And to say that "no one has seen Q" is a serious problem with Q is a good example. I'm reminded of the Alabama school board which inserted in a textbook on evolution (I believe it was) that "no one was there when evolution reputedly took place." If you think not having a copy of Q should trump all the evidence in favor of Q and the problems with the Luke-used-Matthew scenario, I'm definitely on the wrong planet.

I'll have more to say later about your musings.

Earl Doherty
Something else that a few scholars now point to may, in a way, reconcile both viewpoints: both the view that Q is something entirely synoptic -- i.e., from Matthew, along with the (contrary?) view that Q is something that is separate and apart from the synoptics altogether, the notion that a majority of scholars still credit today. How so?

Well, there are certain remarks from Papias that I once took with hefty grains of salt. But IF the word "Logia" means "sayings" -- an obviously central IF that I leave to those here with a better knowledge of Greek than mine to address properly -- it's just possible that Papias's remarks may contain a germ of a possible solution here.

You see, Papias is apparently quoted as having once said that Matthew first collected the "logia" of Jesus in -- it seems implied, but not certain -- a text that was exclusively sayings at an early stage. Naturally, if that means that there was once a Matthew that did not have the narrative material as in the version we now know, that early Matthew text may in fact be the Q that so many scholars now think they can deduce. Consequently, Q, as a concept, may not be exclusively hypothetical. Papias may give us some external evidence after all, however scanty, for such a document.

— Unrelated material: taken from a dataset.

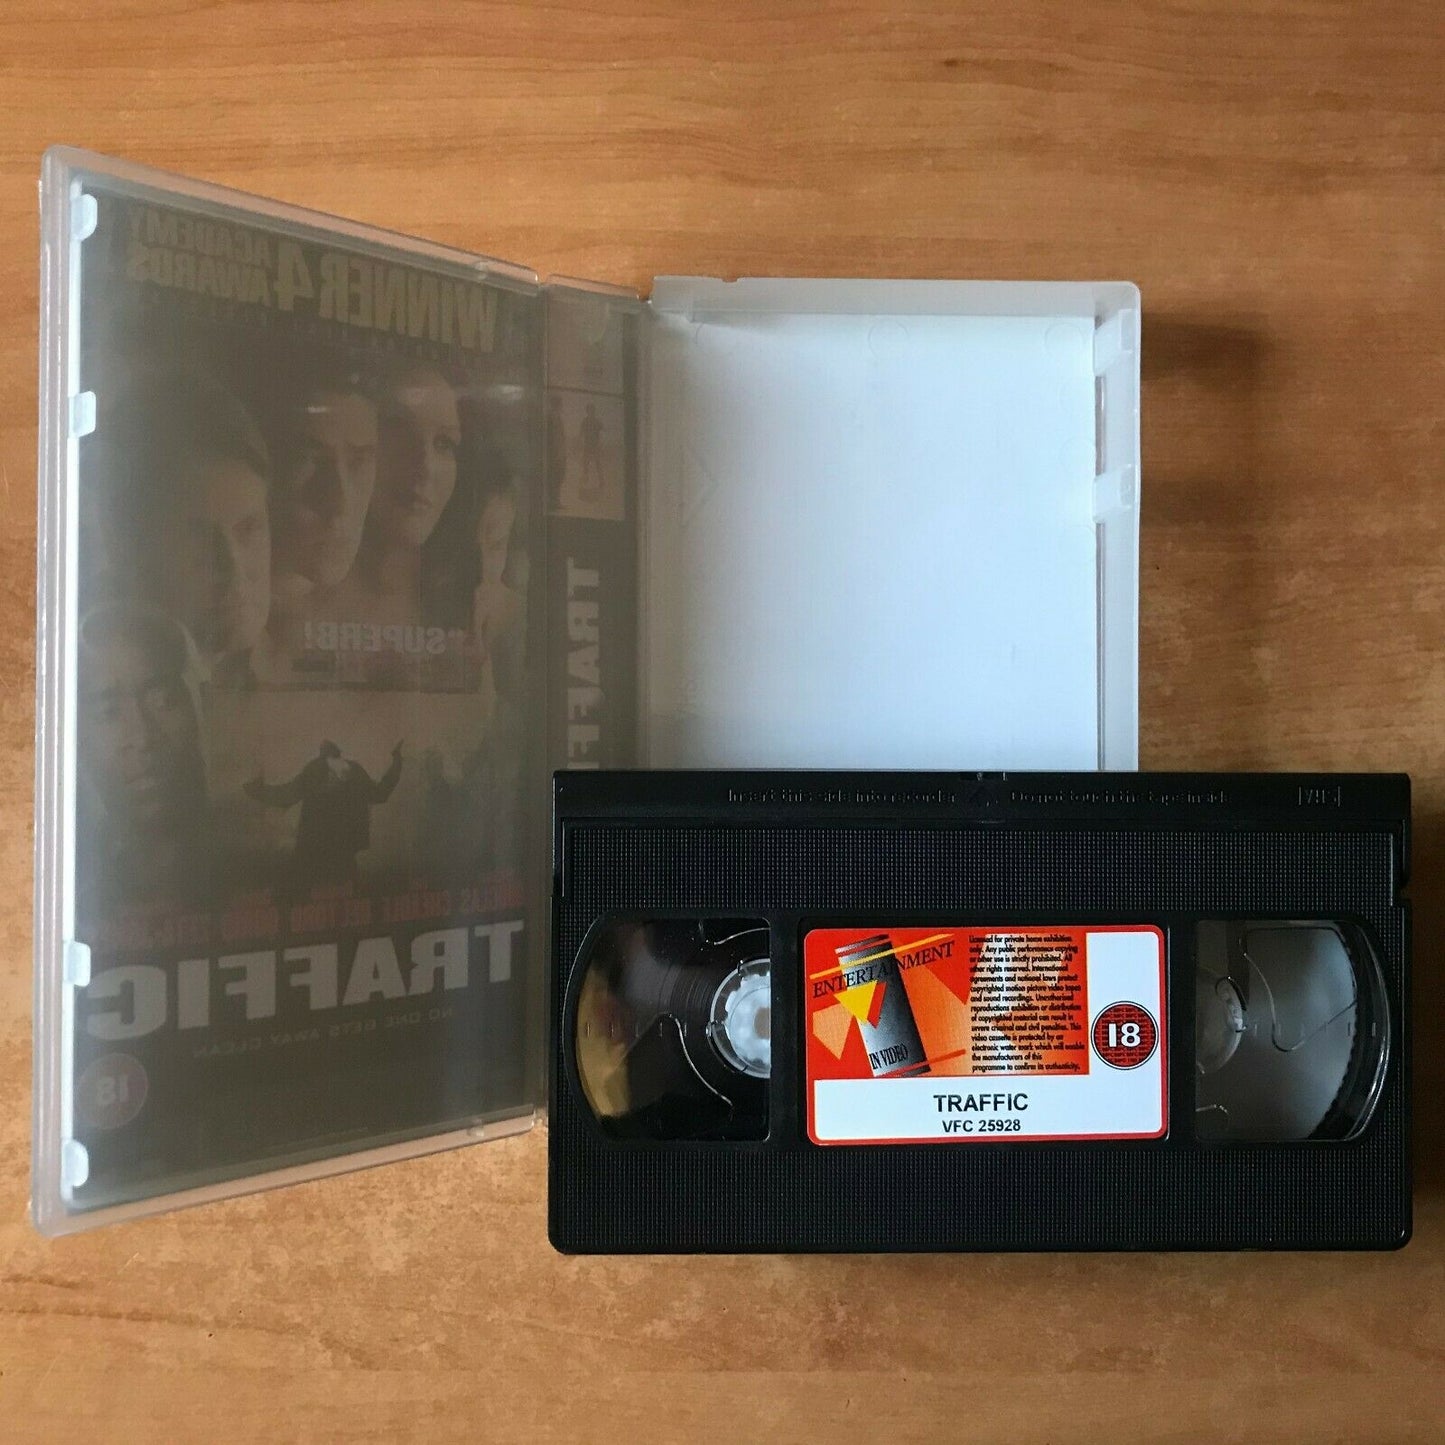 Traffic: Crime Drama - Thriller - Michael Douglas / Catherine Zeta-Jones - VHS-

The fact that Gentile's statistics appear to be generated in a vacuum away from any proselytizing for the Papias angle, and the fact that other scholars, at the same time, have pondered the Papias allusion for a fair while but in a different corner from any analysis of material reproduced in Luke, may -- may -- reinforce the possible notion that here we have two different pieces of data from two different directions that together cross-testify to a possible origin for (written) Q in the writer of Matthew but not in the actual text of the known Matthew familiar to most readers today.

Thoughts?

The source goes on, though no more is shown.